4. Increased domestic investment and partnering for adequate financing to end epidemics
The Global Fund is working to find additional resources to fight the epidemics in a challenging funding environment, and presented an action plan to the Board to mobilize an additional $500 million over the Global Fund’s 2017-2019 Replenishment cycle. The action strategy includes plans to:

  • Sustain or increase engagement with donor governments
  • Cultivate new public donors, including those with emerging economies and increased strategic engagement with the Gulf states
  • Increase coordination and support to civil society advocacy partners in major donor countries
  • Grow public-private synergies and increase private sector partners, in addition to developing new models of investment
  • Accelerate and expand major gifts strategy from high-net-worth individuals
  • Support the expansion of (RED) and other third-party grassroots organizations, including faith-based organizations

In addition to this action plan, the Global Fund’s co-financing strategy will work to continue to strengthen domestic investment.

5. The Global Fund is building on its strong track record of innovation
Innovation has spurred progress on the Global Fund’s e-marketplace platform for the procurement of medical commodities, The Board approved to pilot up to 10 procurements by current Principal Recipients (in-country implementers of Global Fund grants), using domestic funding for the platform for the first time. is helping to streamline procurement for both implementing partners and within the Global Fund, enabling more efficient transactions that are projected to save $12.4 million in 2017 alone. This new pilot funding stands to expand the platform’s impact and the sustainability of in-country supply chain management.

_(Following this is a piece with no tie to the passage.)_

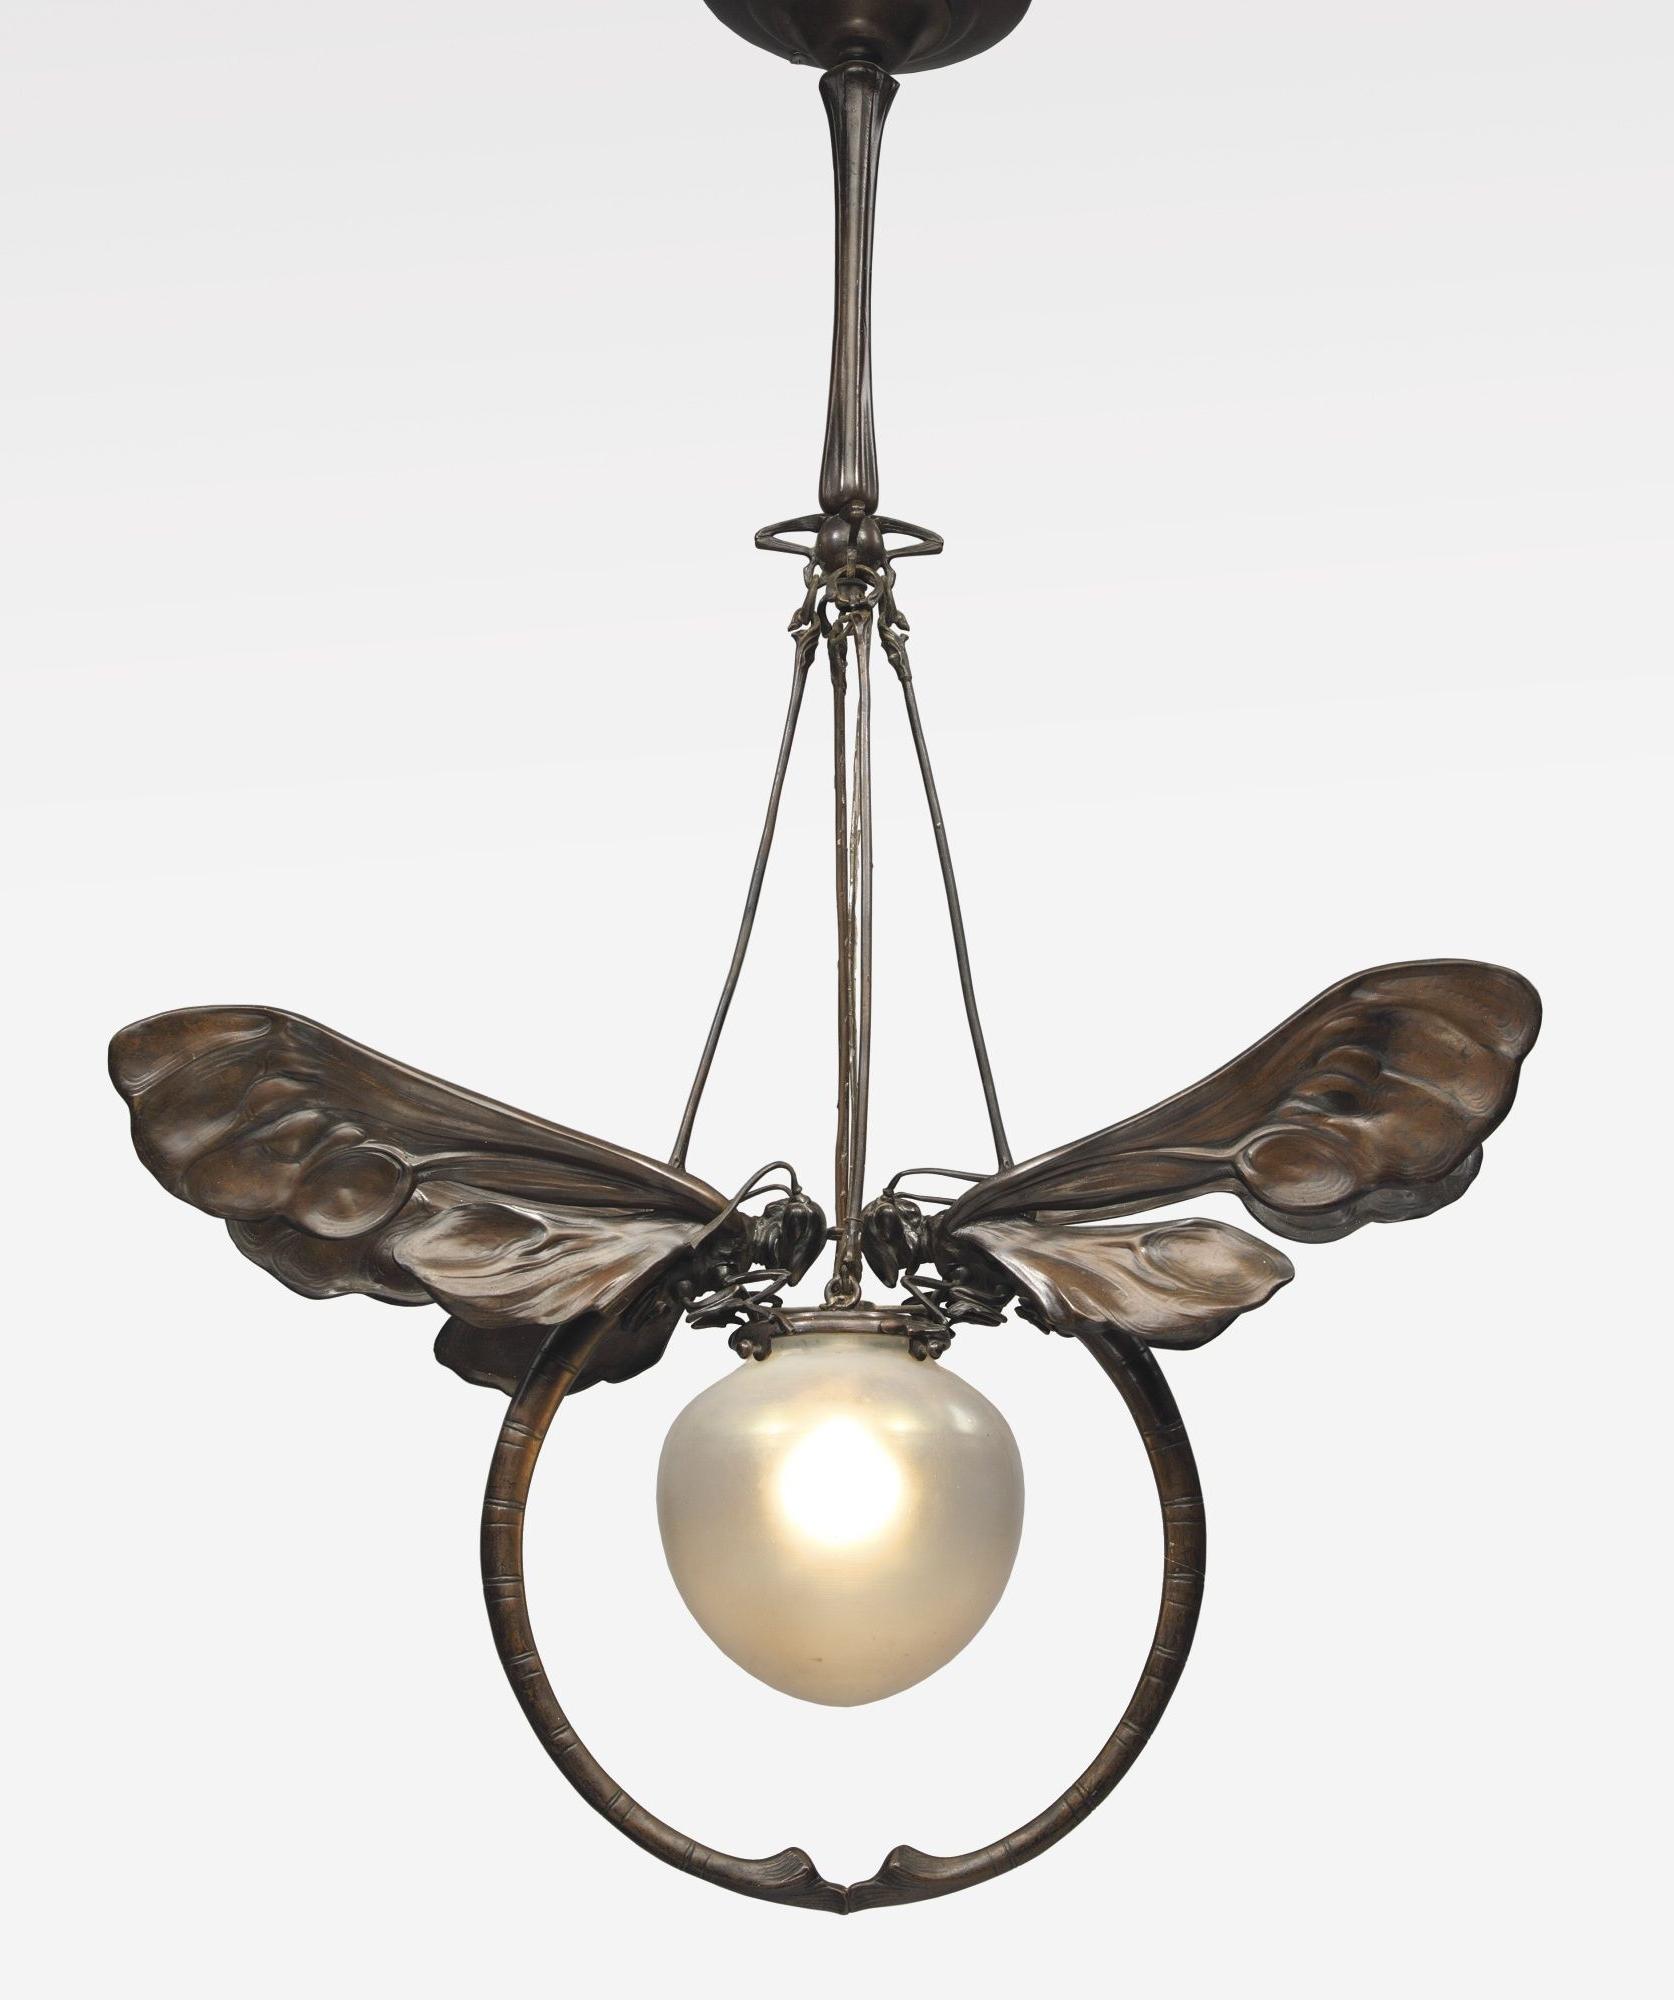 Art Deco Chandelier Regarding Fashionable European Art Nouveau Chandelier Patinated Bronze And Glass (View 14 of 20)

As an experimental pilot program, the Board voted to enter into a new agreement with the World Bank for a performance-based funding project in the Democratic Republic of Congo. The agreement will not set a legal precedent for future investments, and Board members encouraged the Secretariat to create a framework to guide future consideration of such investments, to be audited and reviewed for efficacy.

On a separate note, the board discussed the deteriorating health services situation in Venezuela. Though the country is not eligible for Global Fund financing at this time, the board said that the Fund, “will continue to engage and, if possible, support the regional response.”